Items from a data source

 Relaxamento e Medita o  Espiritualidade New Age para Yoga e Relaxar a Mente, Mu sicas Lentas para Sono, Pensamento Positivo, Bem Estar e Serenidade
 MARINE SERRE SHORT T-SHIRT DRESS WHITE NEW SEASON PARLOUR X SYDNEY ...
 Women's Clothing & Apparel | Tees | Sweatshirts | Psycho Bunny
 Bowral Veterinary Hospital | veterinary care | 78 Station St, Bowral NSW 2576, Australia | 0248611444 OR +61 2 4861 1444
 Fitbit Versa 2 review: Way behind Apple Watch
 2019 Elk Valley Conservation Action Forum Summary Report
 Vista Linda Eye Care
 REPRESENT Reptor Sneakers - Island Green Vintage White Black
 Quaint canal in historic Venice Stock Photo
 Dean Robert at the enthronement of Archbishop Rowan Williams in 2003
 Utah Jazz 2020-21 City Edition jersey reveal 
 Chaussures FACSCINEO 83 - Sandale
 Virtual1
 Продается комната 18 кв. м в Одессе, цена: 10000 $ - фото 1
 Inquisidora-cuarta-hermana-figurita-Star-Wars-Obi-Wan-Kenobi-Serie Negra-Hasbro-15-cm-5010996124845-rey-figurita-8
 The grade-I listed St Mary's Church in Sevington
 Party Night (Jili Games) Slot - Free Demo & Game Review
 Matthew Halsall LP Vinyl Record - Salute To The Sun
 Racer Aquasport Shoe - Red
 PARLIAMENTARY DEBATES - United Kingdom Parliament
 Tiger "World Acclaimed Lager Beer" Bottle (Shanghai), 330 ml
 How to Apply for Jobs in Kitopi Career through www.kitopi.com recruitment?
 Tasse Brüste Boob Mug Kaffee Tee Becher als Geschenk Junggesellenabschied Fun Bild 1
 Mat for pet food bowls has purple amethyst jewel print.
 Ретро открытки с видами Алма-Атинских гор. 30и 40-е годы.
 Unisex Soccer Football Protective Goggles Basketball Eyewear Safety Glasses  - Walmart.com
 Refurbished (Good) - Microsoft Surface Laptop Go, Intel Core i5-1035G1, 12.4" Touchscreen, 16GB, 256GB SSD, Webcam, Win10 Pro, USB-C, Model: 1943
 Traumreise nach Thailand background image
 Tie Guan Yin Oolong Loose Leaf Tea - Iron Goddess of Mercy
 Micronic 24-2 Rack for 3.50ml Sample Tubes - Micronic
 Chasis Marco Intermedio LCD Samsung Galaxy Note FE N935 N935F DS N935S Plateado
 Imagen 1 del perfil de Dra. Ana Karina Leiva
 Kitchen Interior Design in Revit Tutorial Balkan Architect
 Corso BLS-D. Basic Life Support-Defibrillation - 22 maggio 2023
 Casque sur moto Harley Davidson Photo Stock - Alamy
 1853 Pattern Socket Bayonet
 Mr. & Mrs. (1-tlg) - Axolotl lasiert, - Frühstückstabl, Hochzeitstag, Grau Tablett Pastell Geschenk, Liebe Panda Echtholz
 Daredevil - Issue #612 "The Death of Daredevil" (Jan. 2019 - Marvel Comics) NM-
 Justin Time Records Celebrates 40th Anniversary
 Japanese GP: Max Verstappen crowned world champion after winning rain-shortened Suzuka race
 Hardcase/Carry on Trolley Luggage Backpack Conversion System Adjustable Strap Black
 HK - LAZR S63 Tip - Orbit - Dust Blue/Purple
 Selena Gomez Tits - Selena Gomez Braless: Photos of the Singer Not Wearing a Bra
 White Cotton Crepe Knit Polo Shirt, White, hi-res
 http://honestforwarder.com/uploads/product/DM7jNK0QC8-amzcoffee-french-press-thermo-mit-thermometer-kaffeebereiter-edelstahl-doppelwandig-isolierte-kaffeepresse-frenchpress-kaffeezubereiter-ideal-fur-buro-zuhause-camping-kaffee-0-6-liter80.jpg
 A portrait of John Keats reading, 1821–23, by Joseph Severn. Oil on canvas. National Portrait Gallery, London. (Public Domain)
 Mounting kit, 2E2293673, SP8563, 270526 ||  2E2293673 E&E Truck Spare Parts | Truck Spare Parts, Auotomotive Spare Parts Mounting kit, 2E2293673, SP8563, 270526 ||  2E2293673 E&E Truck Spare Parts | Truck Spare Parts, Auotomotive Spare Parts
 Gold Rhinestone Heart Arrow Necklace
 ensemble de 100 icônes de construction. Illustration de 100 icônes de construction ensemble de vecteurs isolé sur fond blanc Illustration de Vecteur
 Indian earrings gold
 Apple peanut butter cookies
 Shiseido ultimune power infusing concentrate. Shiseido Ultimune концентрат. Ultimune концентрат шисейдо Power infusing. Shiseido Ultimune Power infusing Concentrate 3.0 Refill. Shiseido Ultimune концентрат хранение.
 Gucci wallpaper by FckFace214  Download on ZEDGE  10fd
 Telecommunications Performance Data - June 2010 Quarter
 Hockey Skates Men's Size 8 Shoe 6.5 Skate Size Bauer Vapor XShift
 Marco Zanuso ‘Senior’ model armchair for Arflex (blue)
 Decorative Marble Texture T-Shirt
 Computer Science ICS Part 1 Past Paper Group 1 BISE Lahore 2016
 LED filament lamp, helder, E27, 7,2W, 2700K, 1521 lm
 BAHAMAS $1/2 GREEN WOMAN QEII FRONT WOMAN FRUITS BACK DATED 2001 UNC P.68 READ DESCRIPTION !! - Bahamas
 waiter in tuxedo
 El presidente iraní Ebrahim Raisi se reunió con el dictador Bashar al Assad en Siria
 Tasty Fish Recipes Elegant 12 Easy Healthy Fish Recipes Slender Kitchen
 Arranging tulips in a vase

Exercise
Write out exactly the lines from the one with "Computer Science ICS" through the end of the records above, both ends included, and leave out all other lines.

Exercise solution
 Computer Science ICS Part 1 Past Paper Group 1 BISE Lahore 2016
 LED filament lamp, helder, E27, 7,2W, 2700K, 1521 lm
 BAHAMAS $1/2 GREEN WOMAN QEII FRONT WOMAN FRUITS BACK DATED 2001 UNC P.68 READ DESCRIPTION !! - Bahamas
 waiter in tuxedo
 El presidente iraní Ebrahim Raisi se reunió con el dictador Bashar al Assad en Siria
 Tasty Fish Recipes Elegant 12 Easy Healthy Fish Recipes Slender Kitchen
 Arranging tulips in a vase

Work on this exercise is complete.